» PROBLEM TO WORK ON: Please repeat only the lines below starting at the line that holds "Happy Birthday Missy Cake Images" and ending at the line that holds "Investor Who Predicted", exactly, with both of those lines included and every picture omitted.

» RECORDS FOR THIS TASK:
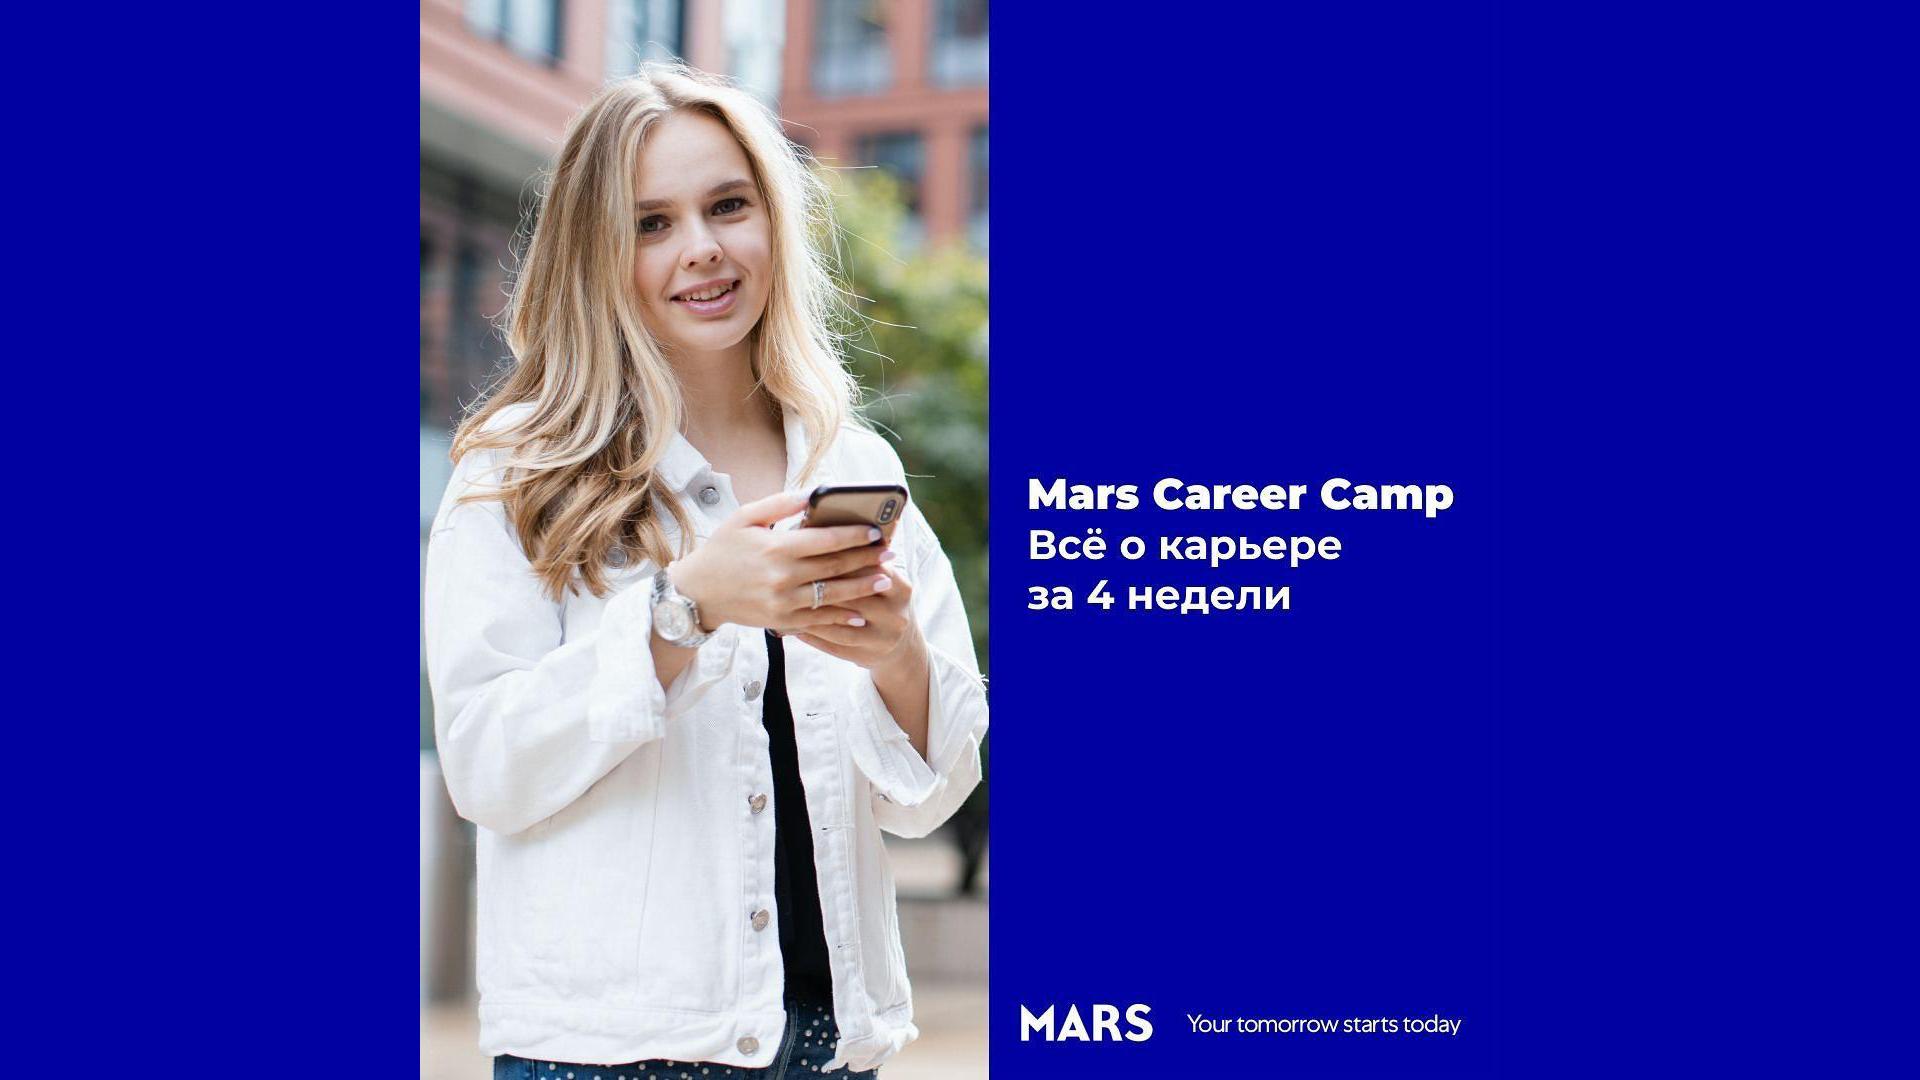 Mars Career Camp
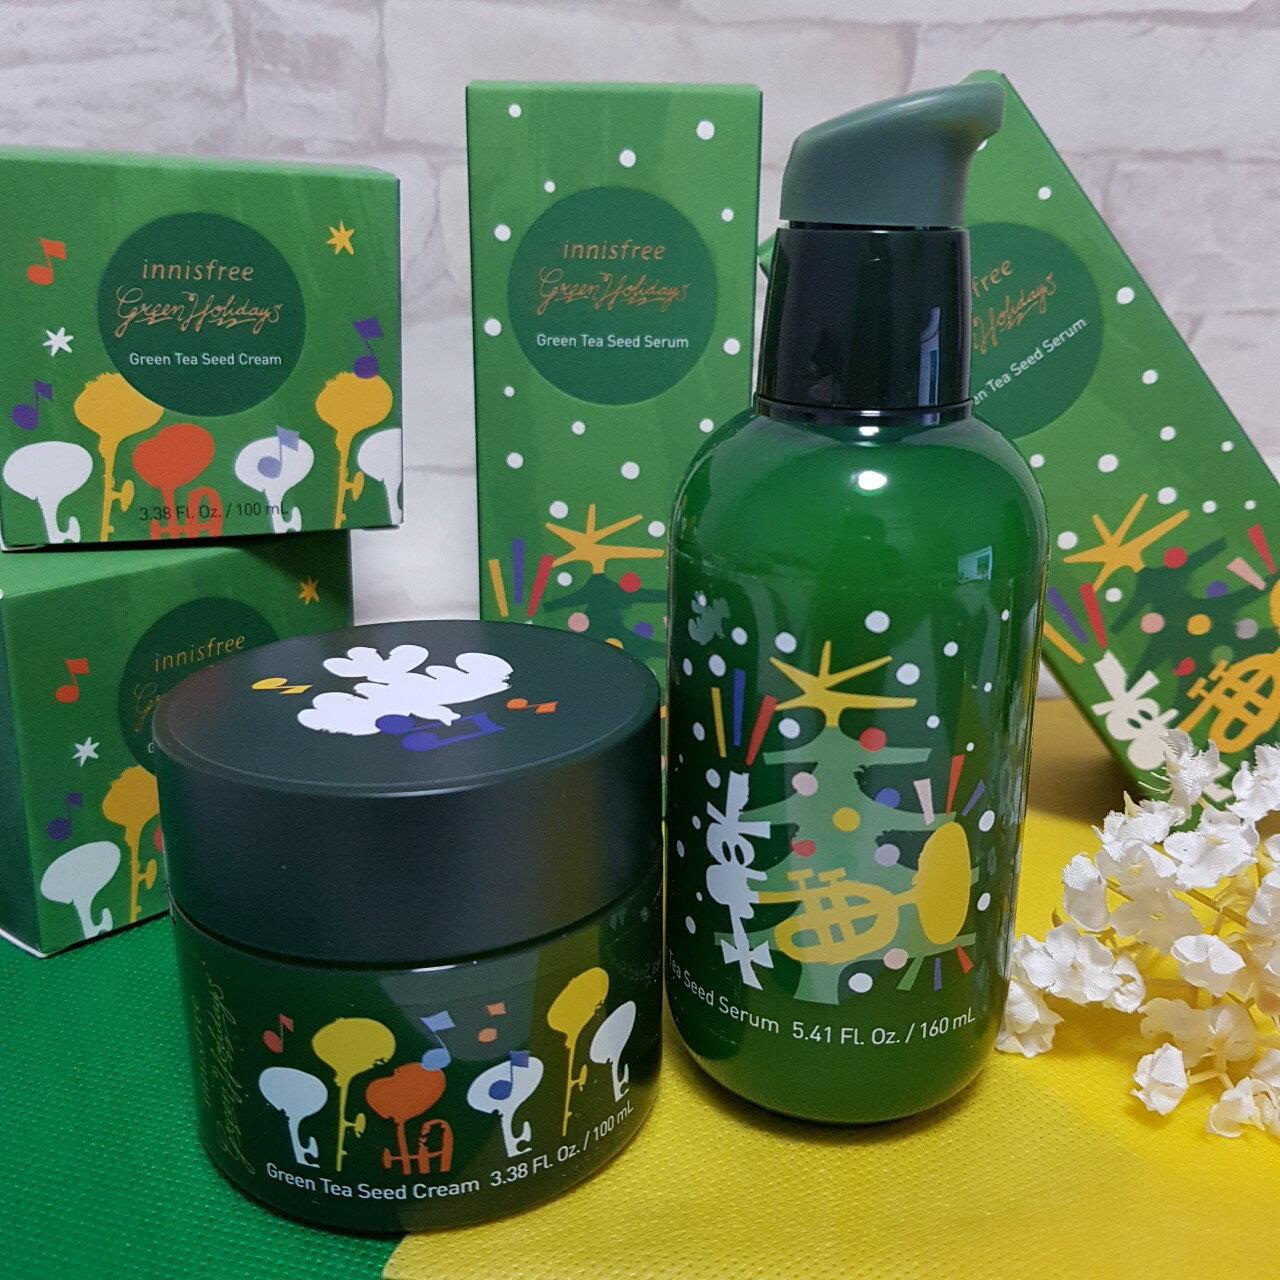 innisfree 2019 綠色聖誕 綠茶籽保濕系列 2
--
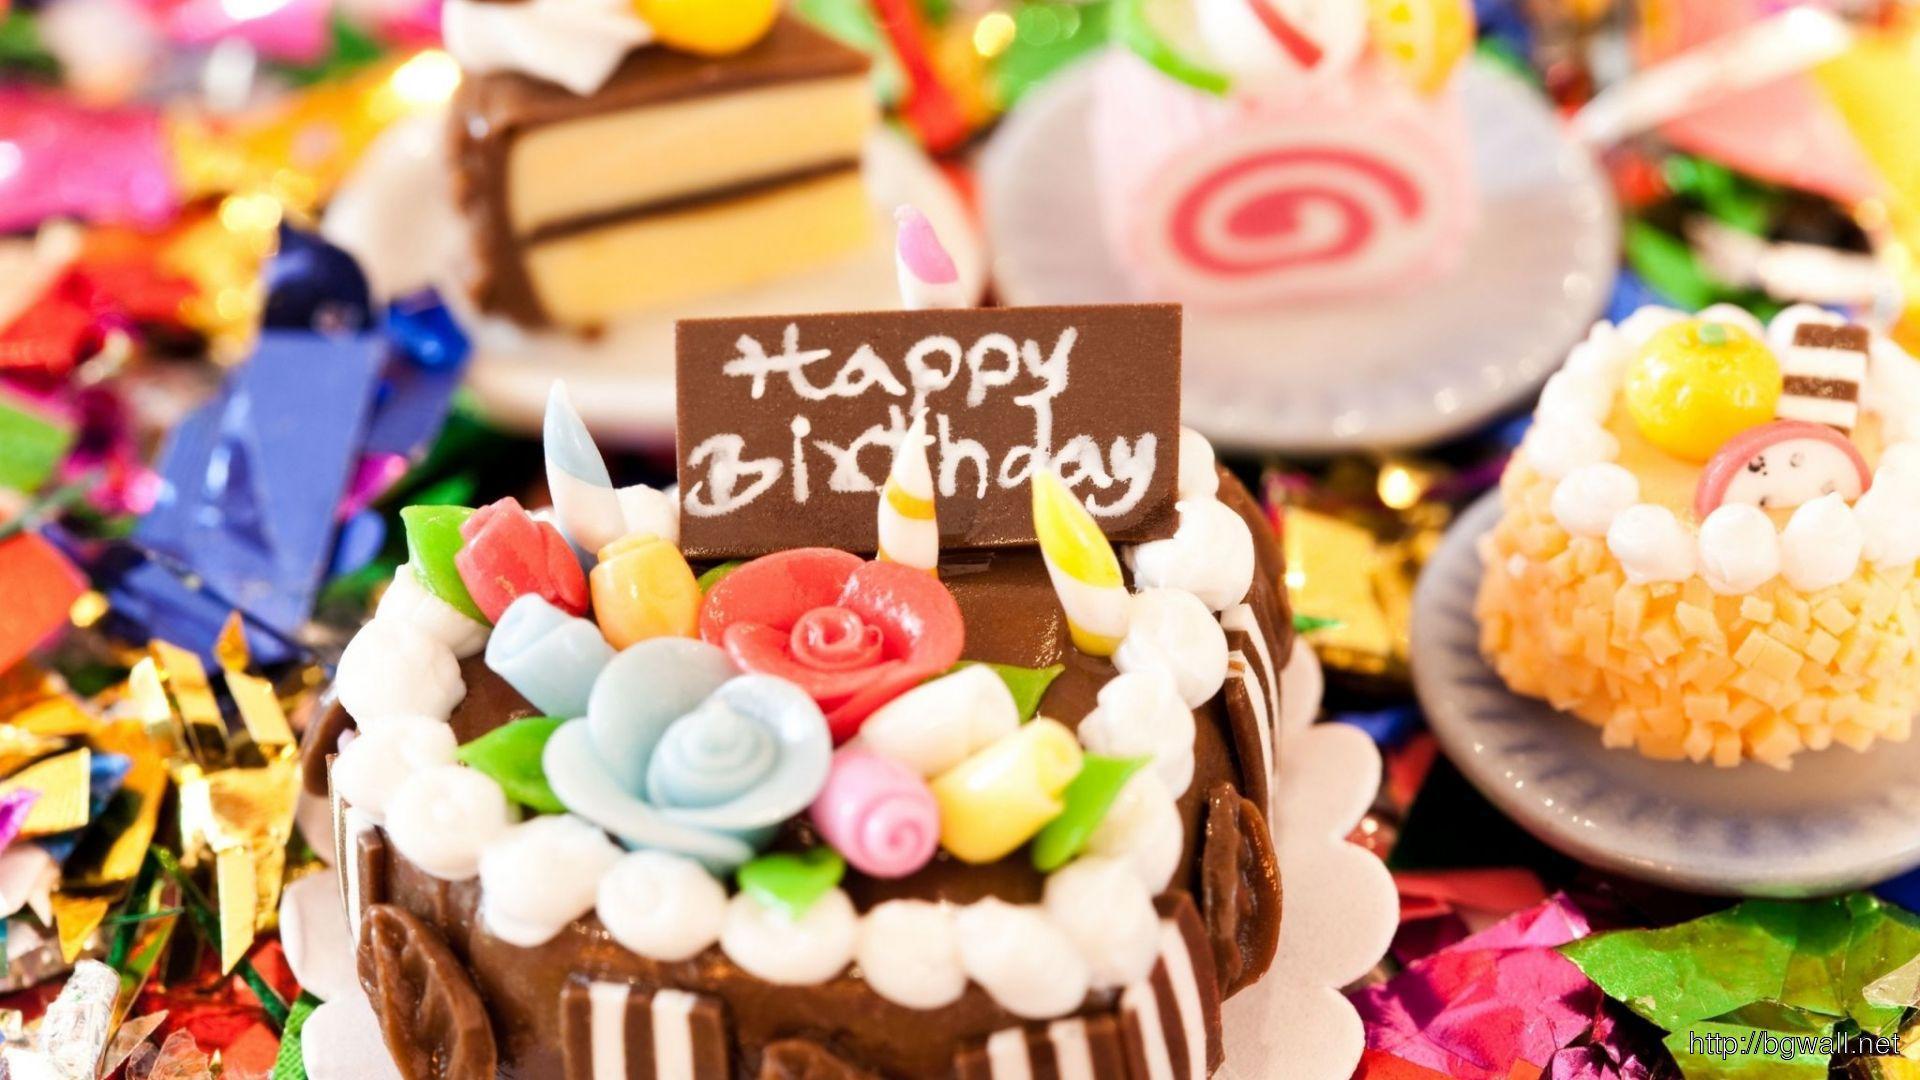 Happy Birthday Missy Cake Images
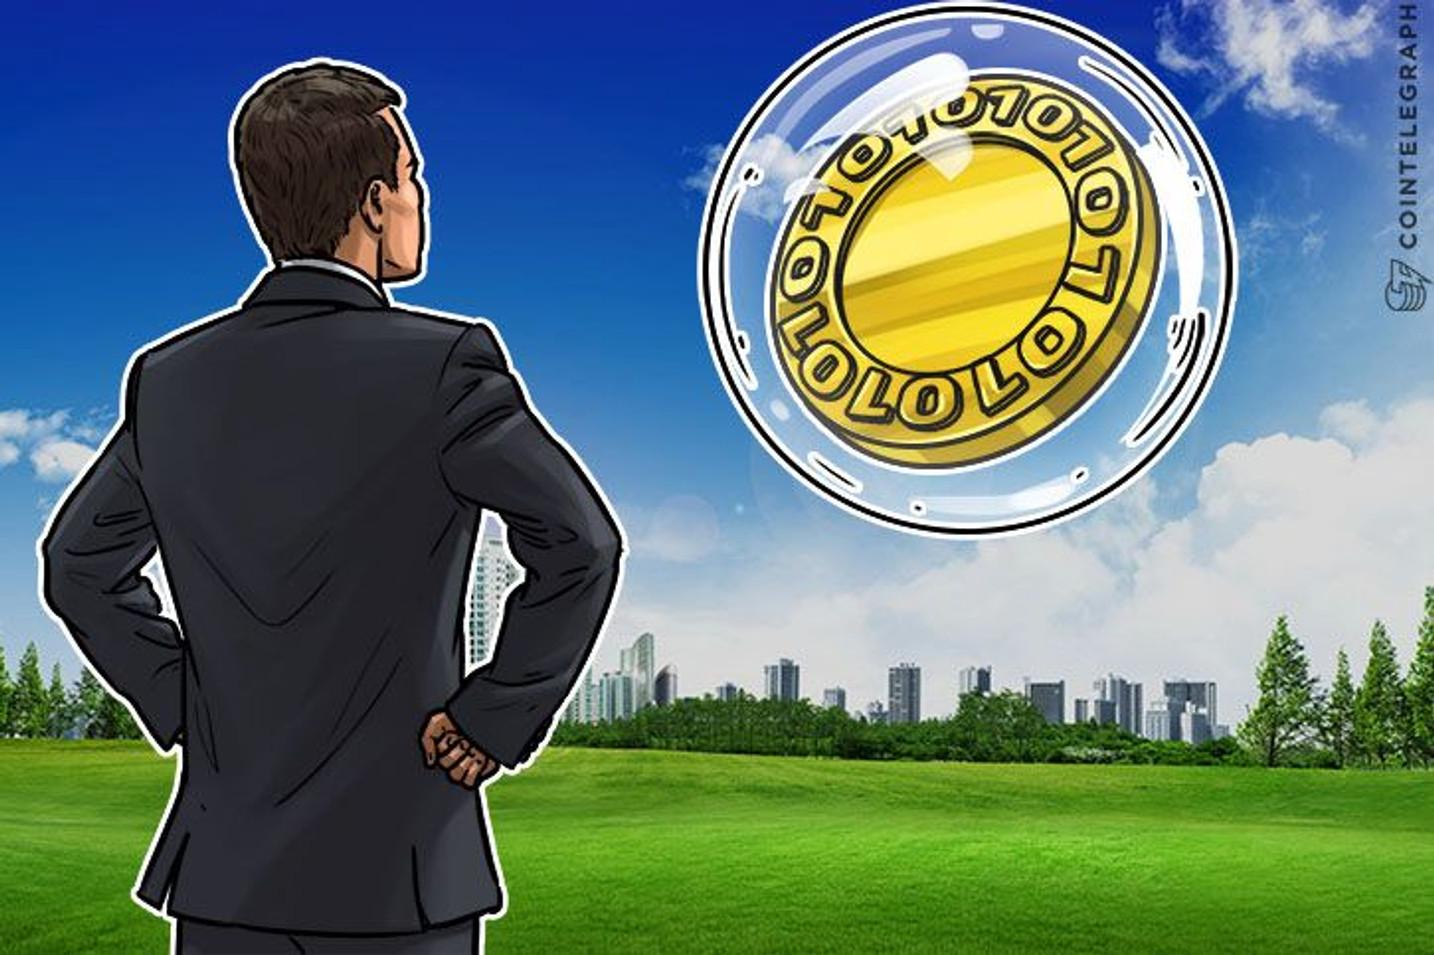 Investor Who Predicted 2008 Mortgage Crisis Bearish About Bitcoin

» SOLUTION:
 Happy Birthday Missy Cake Images
 Investor Who Predicted 2008 Mortgage Crisis Bearish About Bitcoin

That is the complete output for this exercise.